A Compressed Sensing-Based Wearable Sensor Network for Quantitative Assessment of Stroke Patients

1
Jiangsu Key Laboratory of Medical Optics, Suzhou Institute of Biomedical Engineering and Technology, Chinese Academy of Sciences, No. 88, Keling Road, Suzhou, Jiangsu 215163, China
2
University of Chinese Academy of Sciences, Beijing 100049, China
*
Author to whom correspondence should be addressed.
Academic Editor: Leonhard M. Reindl
Received: 12 December 2015 / Revised: 23 January 2016 / Accepted: 3 February 2016 / Published: 5 February 2016
View Full-Text   |   Download PDF [3492 KB, uploaded 5 February 2016]   |  

Abstract

Clinical rehabilitation assessment is an important part of the therapy process because it is the premise for prescribing suitable rehabilitation interventions. However, the commonly used assessment scales have the following two drawbacks: (1) they are susceptible to subjective factors; (2) they only have several rating levels and are influenced by a ceiling effect, making it impossible to exactly detect any further improvement in the movement.
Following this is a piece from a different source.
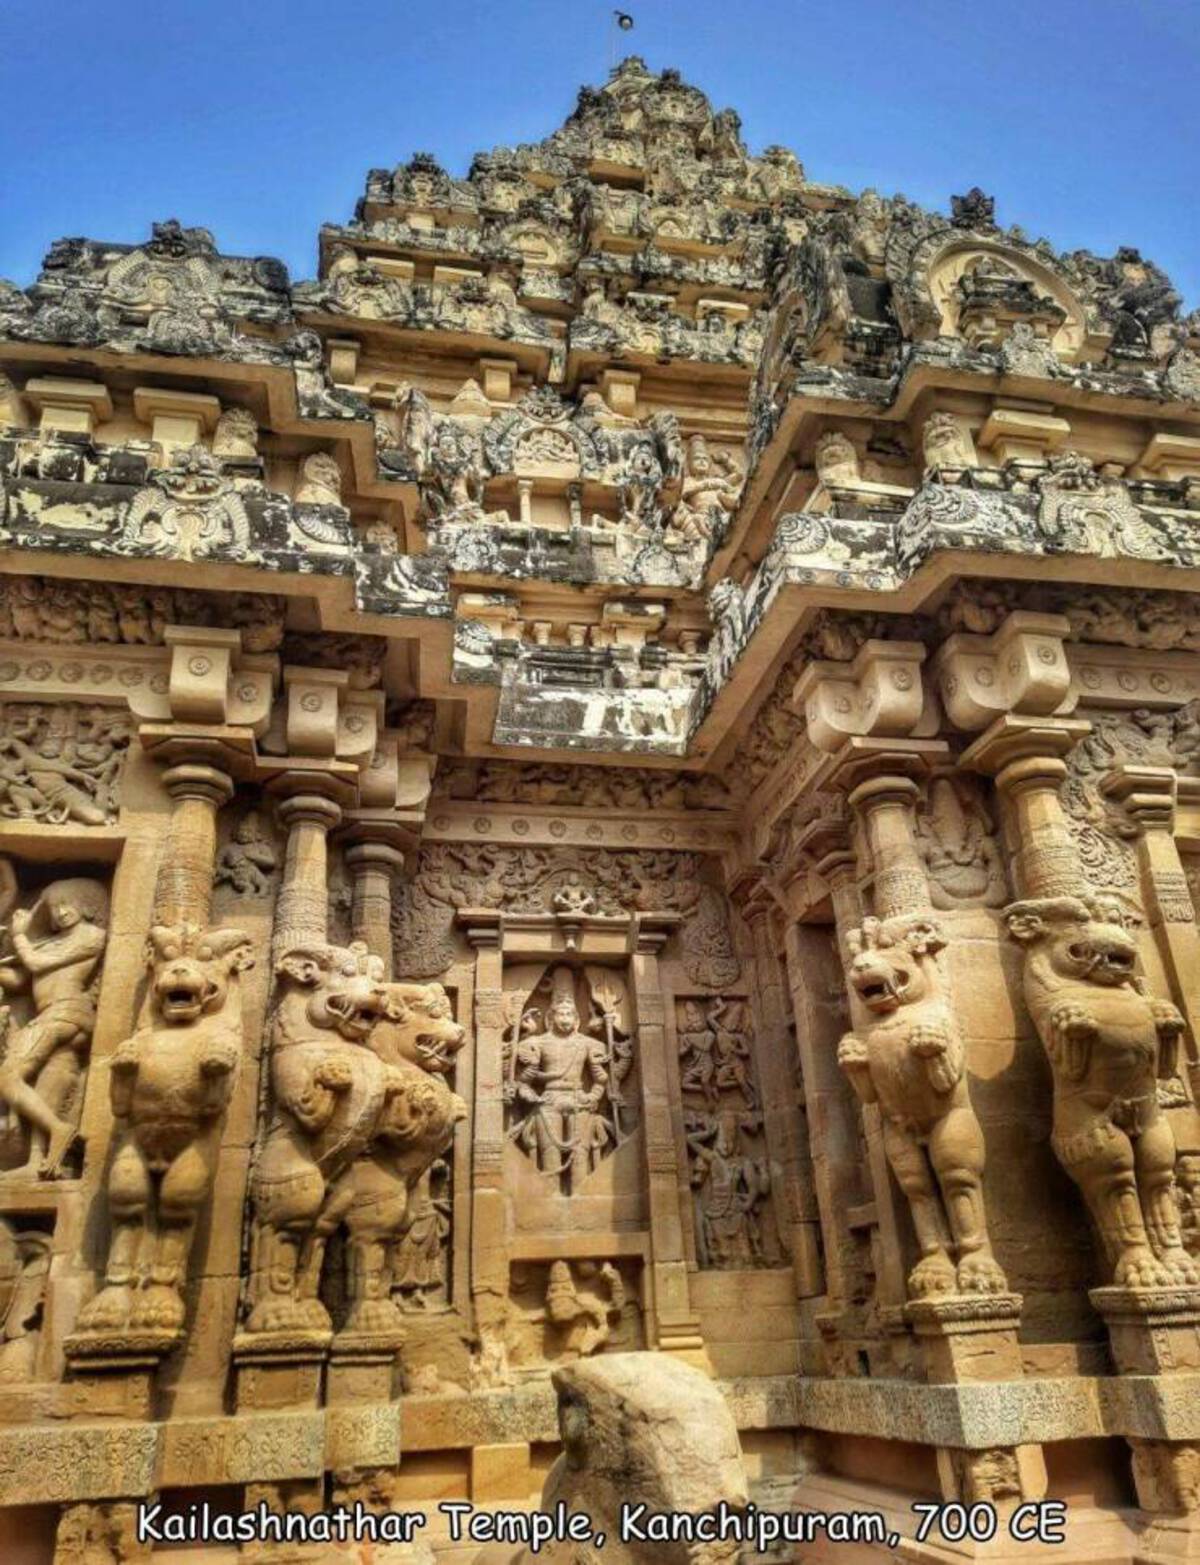 stone carving - Kailashnathar Temple, Kanchipuram, 700 Ce

Meanwhile, energy constraints are a primary design consideration in wearable sensor network systems since they are often battery-operated. Traditionally, for wearable sensor network systems that follow the Shannon/Nyquist sampling theorem, there are many data that need to be sampled and transmitted. This paper proposes a novel wearable sensor network system to monitor and quantitatively assess the upper limb motion function, based on compressed sensing technology. With the sparse representation model, less data is transmitted to the computer than with traditional systems. The experimental results show that the accelerometer signals of Bobath handshake and shoulder touch exercises can be compressed, and the length of the compressed signal is less than 1/3 of the raw signal length. More importantly, the reconstruction errors have no influence on the predictive accuracy of the Brunnstrom stage classification model. It also indicated that the proposed system can not only reduce the amount of data during the sampling and transmission processes, but also, the reconstructed accelerometer signals can be used for quantitative assessment without any loss of useful information. View Full-Text
Keywords: compressed sensing; wearable sensor network; quantitative assessment; stroke; Brunnstrom stage classification compressed sensing; wearable sensor network; quantitative assessment; stroke; Brunnstrom stage classification
This is an open access article distributed under the Creative Commons Attribution License which permits unrestricted use, distribution, and reproduction in any medium, provided the original work is properly cited. (CC BY 4.0).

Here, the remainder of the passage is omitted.